E, como se dest'arte não ficasse ainda bem assinalada a intangibilidade do pacto em face ao arbítrio régio, e houvesse necessidade de alargar o domínio que o rei não pode perturbar, o nosso jurisconsulto Villa Real diria que «_no es del poder del Principe, el variar las leyes, ó los privilegios de un Reyno; pues aunque por la força coactiva, no esten sugetos, alas leys, lo estan siempre por la directiva; y no se llaman absolutos, sino los que son tiranos. Como no obedecen a la raçon, siguen solo las leys de su Voluntad_...»
Porquê resguardadas as _leis_ e _privilégios_?
Porque o pacto constituem-no não apenas as leis solenemente estabelecidas por _fundamentais_, mas tambêm os _fóros_ e _liberdades, privilegios e graças_ ganhas por direito antiquissimo, e que, nem por não serem guardadas em leis como as acima, deixavam de ser consideradas como _direito inviolável_ do reino, e a que o rei, na época que estudo, devia jurar guarda antes de ser aclamado e jurado: «..._Isto he, o que significa fazerem os Reys primeyro juramento aos povos de lhes goardarem seus foros, usos, e costumes, de lhes administrar justiça, e de pois se obrigarem esses povos per juramento a lhes obedecer e goardar fidelidade_...» (João Pinto Ribeiro, _Usurpação_, pág. 42 v. e 43).

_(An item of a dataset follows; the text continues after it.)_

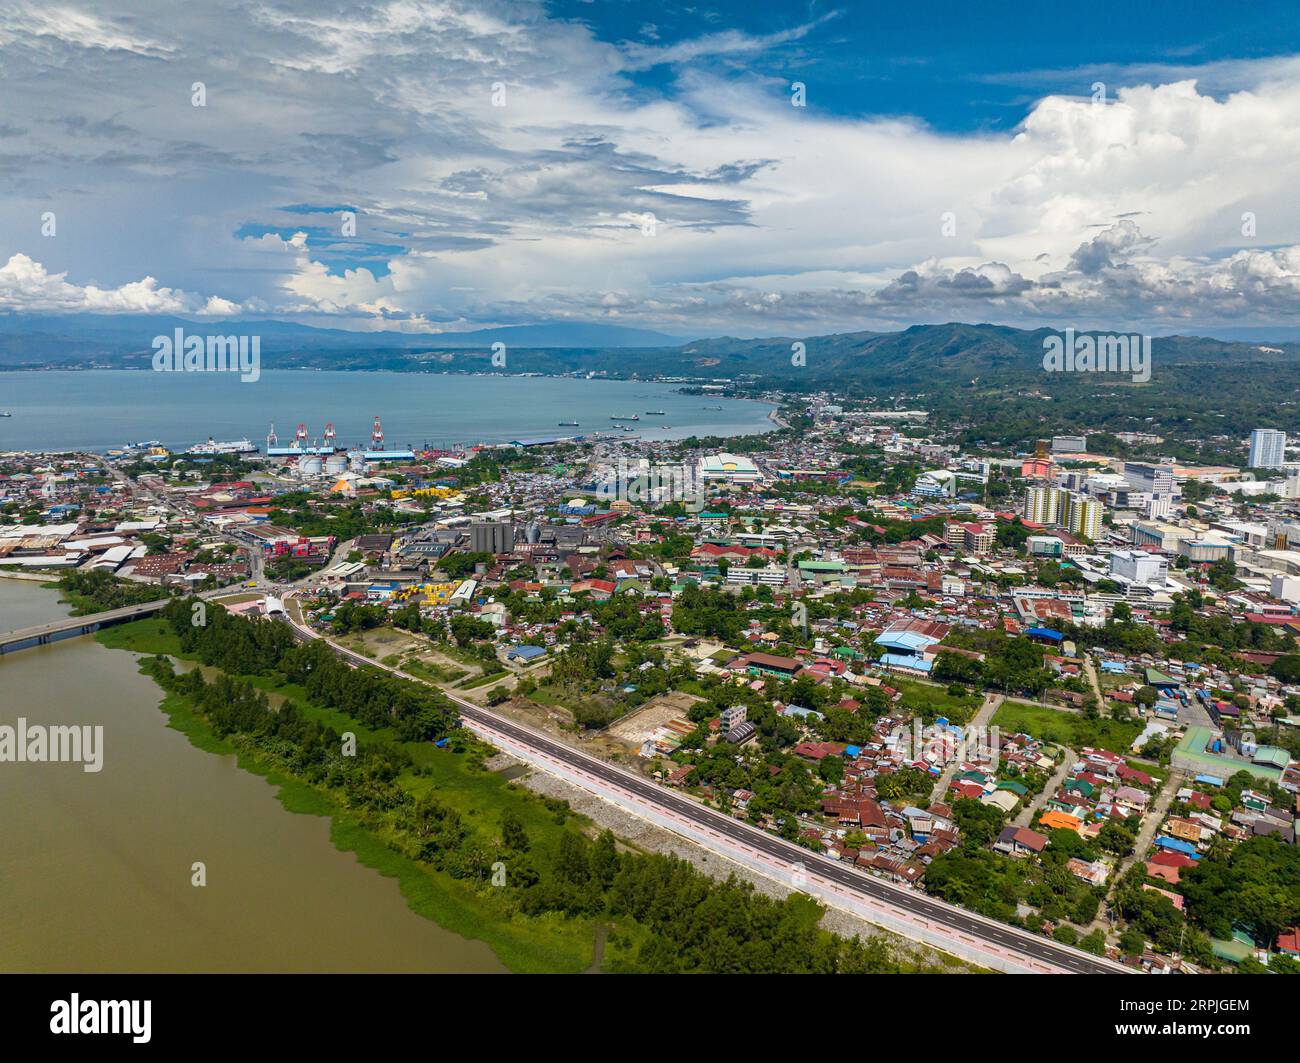 Coastline City with modern buildings and highway of Cagayan de Oro in Mindanao, Philippines. Stock Photo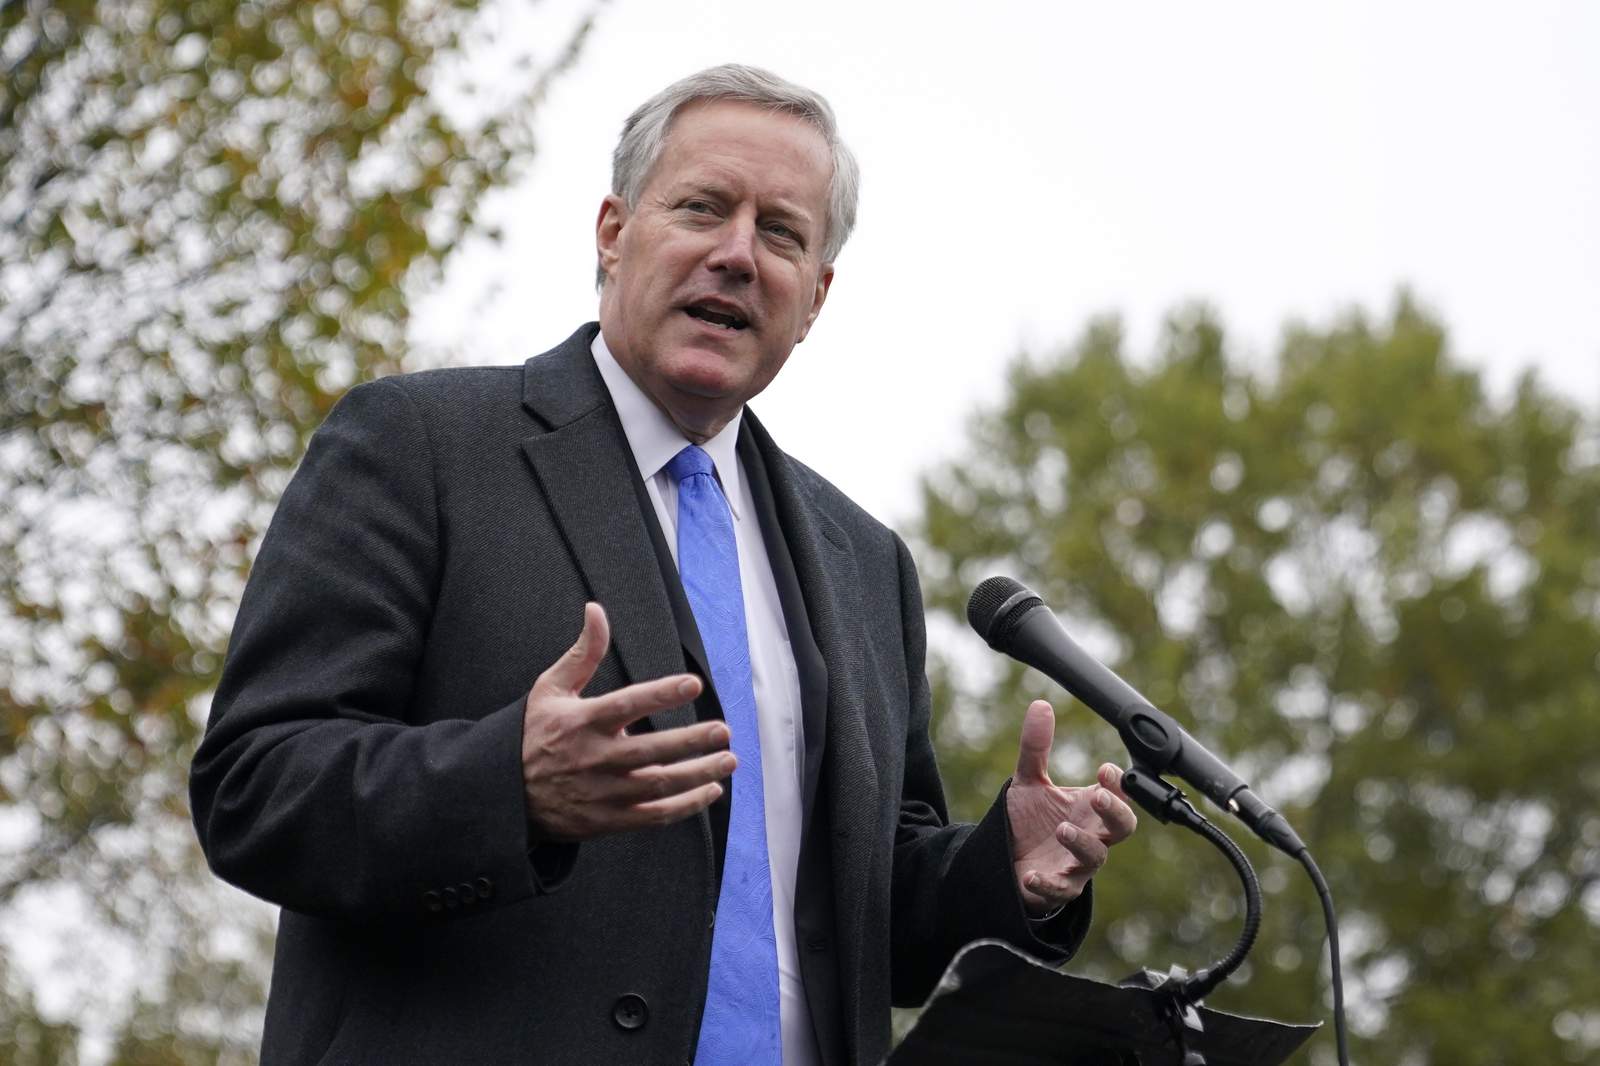 President Trump’s chief of staff Mark Meadows tested positive for COVID-19

João Pinto Ribeiro presentia assim a lei de 12 de abril de 1642 pela qual D. João IV, deferindo aos capítulos 1 e 35 dos estados eclesiástico e da nobreza das côrtes de 1641 _determinava que os reis_ que nos reinos houvessem de suceder «_jurassem, (antes de serem levantados,) todos os privilegios, liberdades, foros, graças, e costumes, que os Reys seus predecessores lhes concederam e juraram_...» Mas a lei não bastára, parece, e para que todos «_os Vassallos... possam pedir aos Reys meus sucessores o juramento da confirmação das graças e privilegios, antes de entrarem na sucessão_» mandava passar o alvará de 9 de setembro de 1647, renovando a determinação da lei e prevenindo que «_fazendo elles, ou algum delles o contrario (que não creio nem espero), serão malditos da maldição de Nosso Senhor, e de Nossa Senhora, e dos Apostolos, e da Corte Celestial, e da minha, que nunca cresção, prosperem, nem vão adiante_...»
Não o devem: mas se os Reis faltarem ao _pacto_ ou o atingirem--que se seguirá daí? Ha de obedecer-se ao rei que violou o pacto? Unanimes, os teoristas da restauração resolvem-se pela negativa. Por quê?